Fr Pennington is perhaps best-known as a founder of the Centering Prayer movement. He died on June 3, 2005 (the feast of the Sacred Heart of Jesus) from injuries sustained in a car crash.
The Cistercian evidently combined the sprituality of the monk-priest called to a life of solitude and silence, prayer and contemplation with the external “man of the world”. He travelled much, loved and cared for others, and sought to spread the wonders of monastic-style spirituality; contemplative prayer and the Lectio Divina (letting God speak to one through his Word, in silence).
He wrote best-selling spiritual books, such as Listen with Your Heart, based on weekly talks to a community of monks on the Rule of St Benedict, and Seeking His Mind: 40 Meetings with Christ, drawing people closer to Jesus through 40 meditations on his life and words, gathered from Pennington’s daily practice of Lectio Divina.

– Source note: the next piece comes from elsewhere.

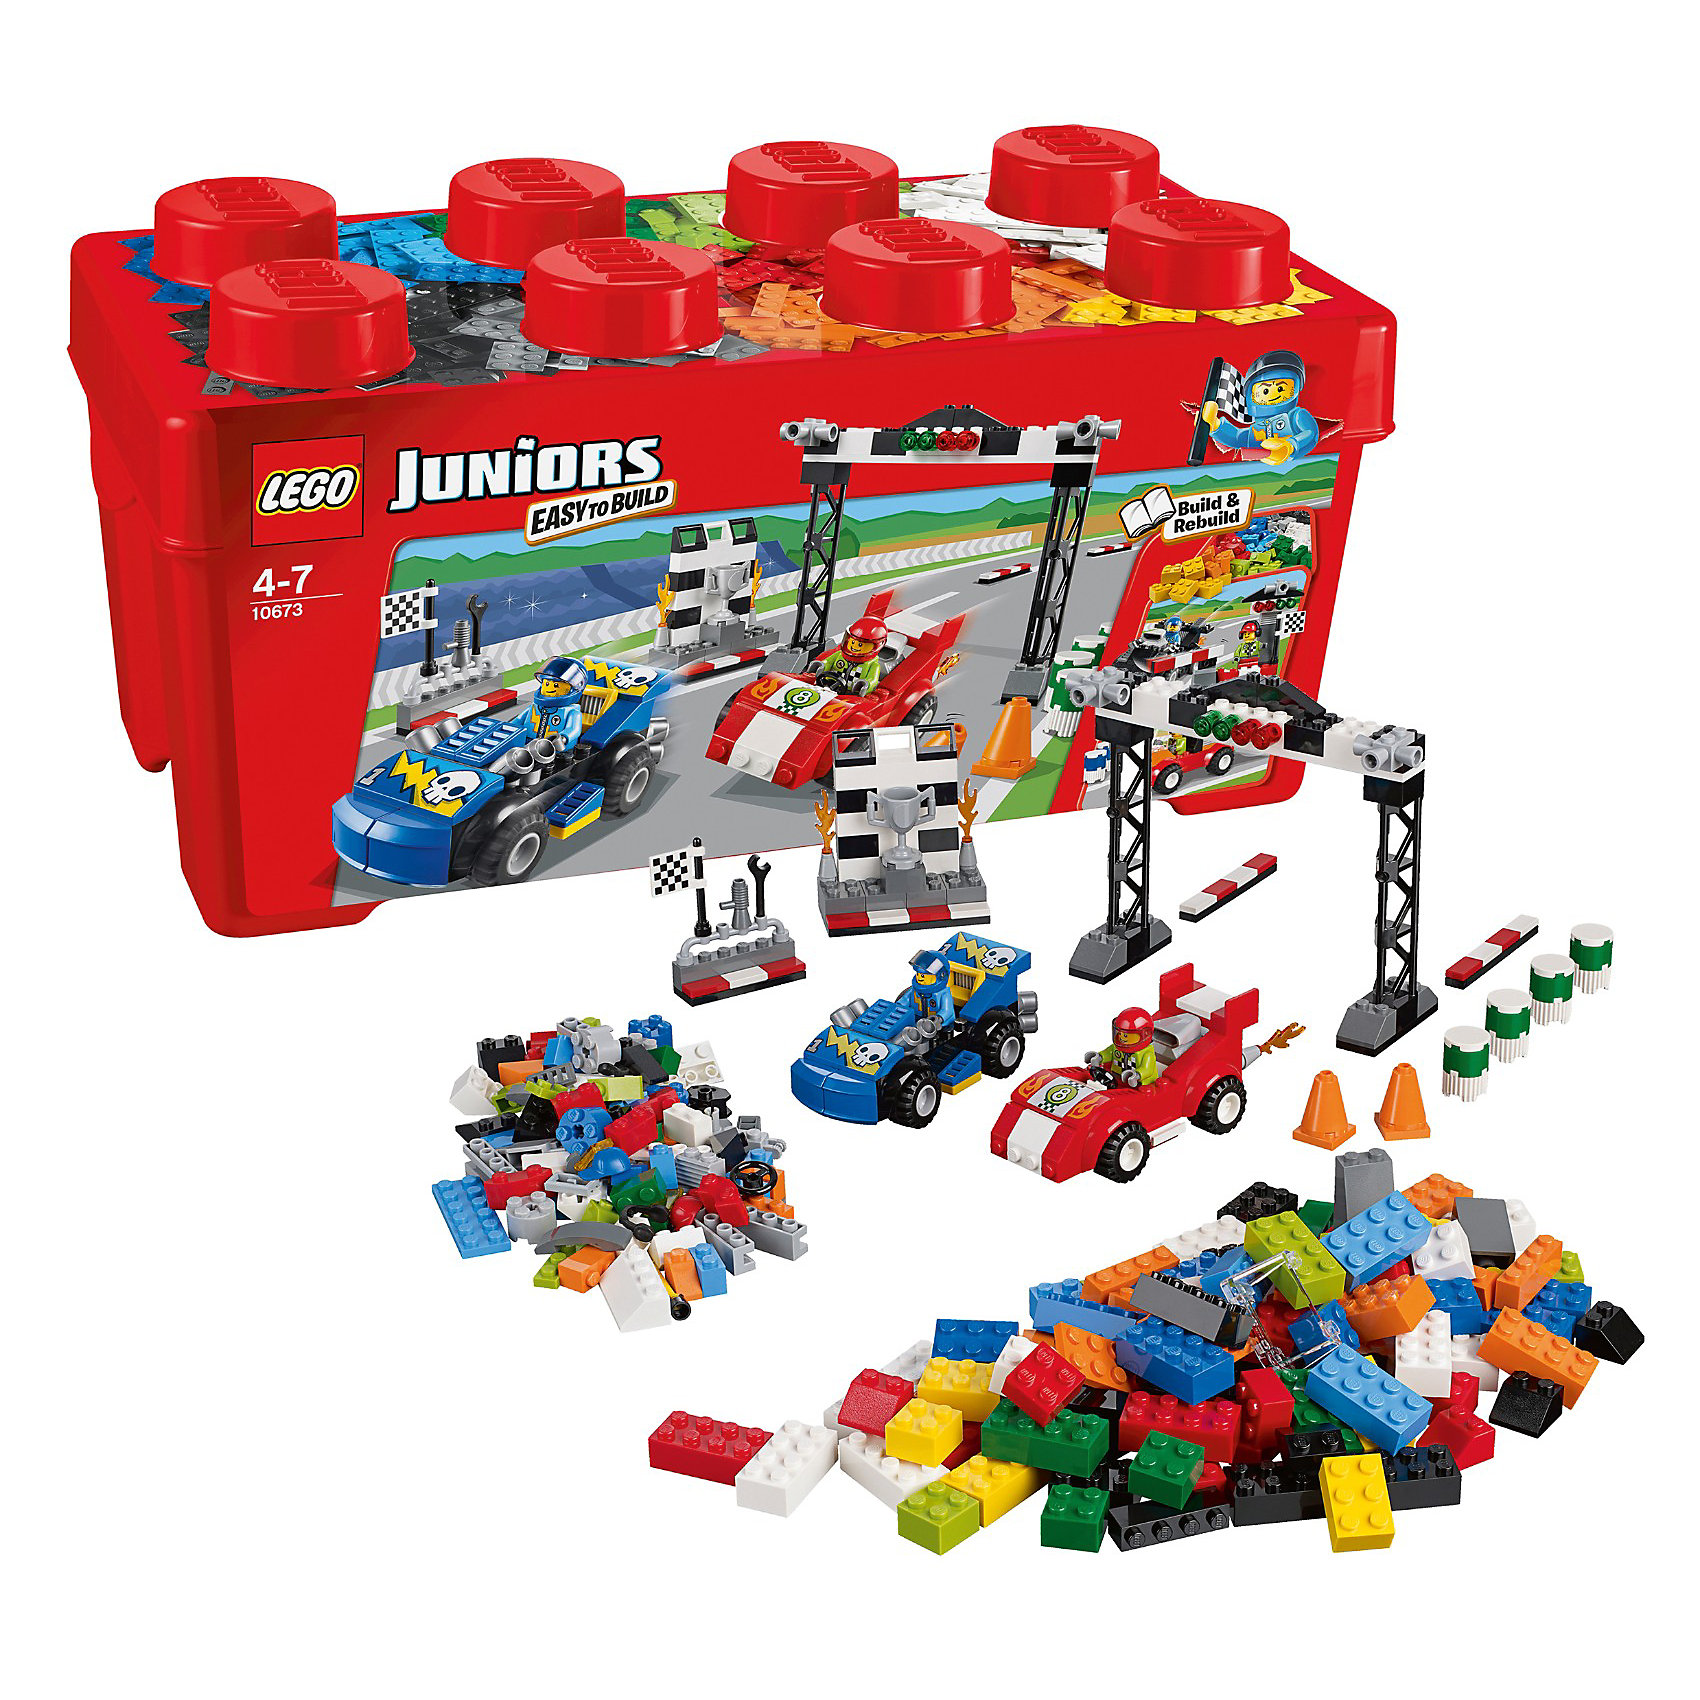 LEGO Juniors 10673: Ралли на гоночных автомобиляхКонструктор LEGO Juniors (ЛЕГО Джуниорс) 10673: Ралли на гоночных автомобилях - мечта мальчишек, обожающих скорость. Масштабный набор позволит создать настоящую трассу с крутыми поворотами и захватывающими виражами. В гонках участвуют два опытных пилота на суперскоростных машинах! Построй стартовую арку со светофором и динамиками, откуда спортсмены начнут гонку. Для дозаправки и ремонта есть мобильный пит-стоп с инструментами и оборудованием. А победителя будут чествовать на красивом пьедестале, где он получит заветный кубок под гром аплодисментов! Подключайте фантазию и Вам никогда не будет скучно в компании LEGO (ЛЕГО)!<br><br>Серия конструкторов LEGO Juniors (ЛЕГО Джуниорс) - специально разработаны для детей от 4 до 7 лет. Размер кубиков и деталей соответствует обычным размерам. При этом наборы очень просты в сборке. Понятные инструкции позволяют детям быстро получить результат и приступить к игре. Конструкторы этой серии прекрасно детализированы, яркие, прочные, имеют множество различных сюжетов - идеально подходят для реалистичных и познавательных игр.<br><br>Дополнительная информация:<br><br>- Игра с конструктором  LEGO (ЛЕГО) развивает мелкую моторику ребенка, фантазию и воображение, учит его усидчивости и внимательности;<br>- В комплекте: 2 минифигурки гонщиков, детали набора; <br>- Количество деталей: 350 шт;<br>- Удобно хранить и брать с собой;<br>- Серия: LEGO Juniors (ЛЕГО Джуниорс);<br>- Материал: пластик;<br>- Размер упаковки: 37 х 18 х 18 см;<br>- Вес: 1,2 кг <br><br>Конструктор LEGO Juniors (ЛЕГО Джуниорс) 10673: Ралли на гоночных автомобилях можно купить в нашем интернет-магазине.<br><br>Ширина мм: 364<br>Глубина мм: 184<br>Высота мм: 180<br>Вес г: 997<br>Возраст от месяцев: 48<br>Возраст до месяцев: 84<br>Пол: Мужской<br>Возраст: Детский<br>SKU: 3342512

A celebration of the priest and monk, the family man, man of prayer, dreamer and creator, human being and friend, the book takes us on a journey through a remarkable life as “one of a small band of monks since the Second Vatican Council… who made significant and lasting contributions to the spiritual life and consciousness of his contemporaries”.
Fr Pennington was much valued as an abbot of his order. He was chosen specifically for his great facility for keeping a community together — spiritually and otherwise — in difficult or uncertain times. One such times was at the Trappist Our Lady of Joy monastery in Hong Kong during the period leading up to the Chinese government’s takeover of that city in 1997.
His participation in conferences and symposiums on spirituality brought him into contact with a cross-section of people in whose homes he often stayed, and on whom he left his imprint and example of deep, yet joyful spirituality. Much of this is recorded in As We Knew Him.
Particularly for those with a particular interest in contemplative prayer and in how holiness can be embodied well in the modern world, this is an absorbing read.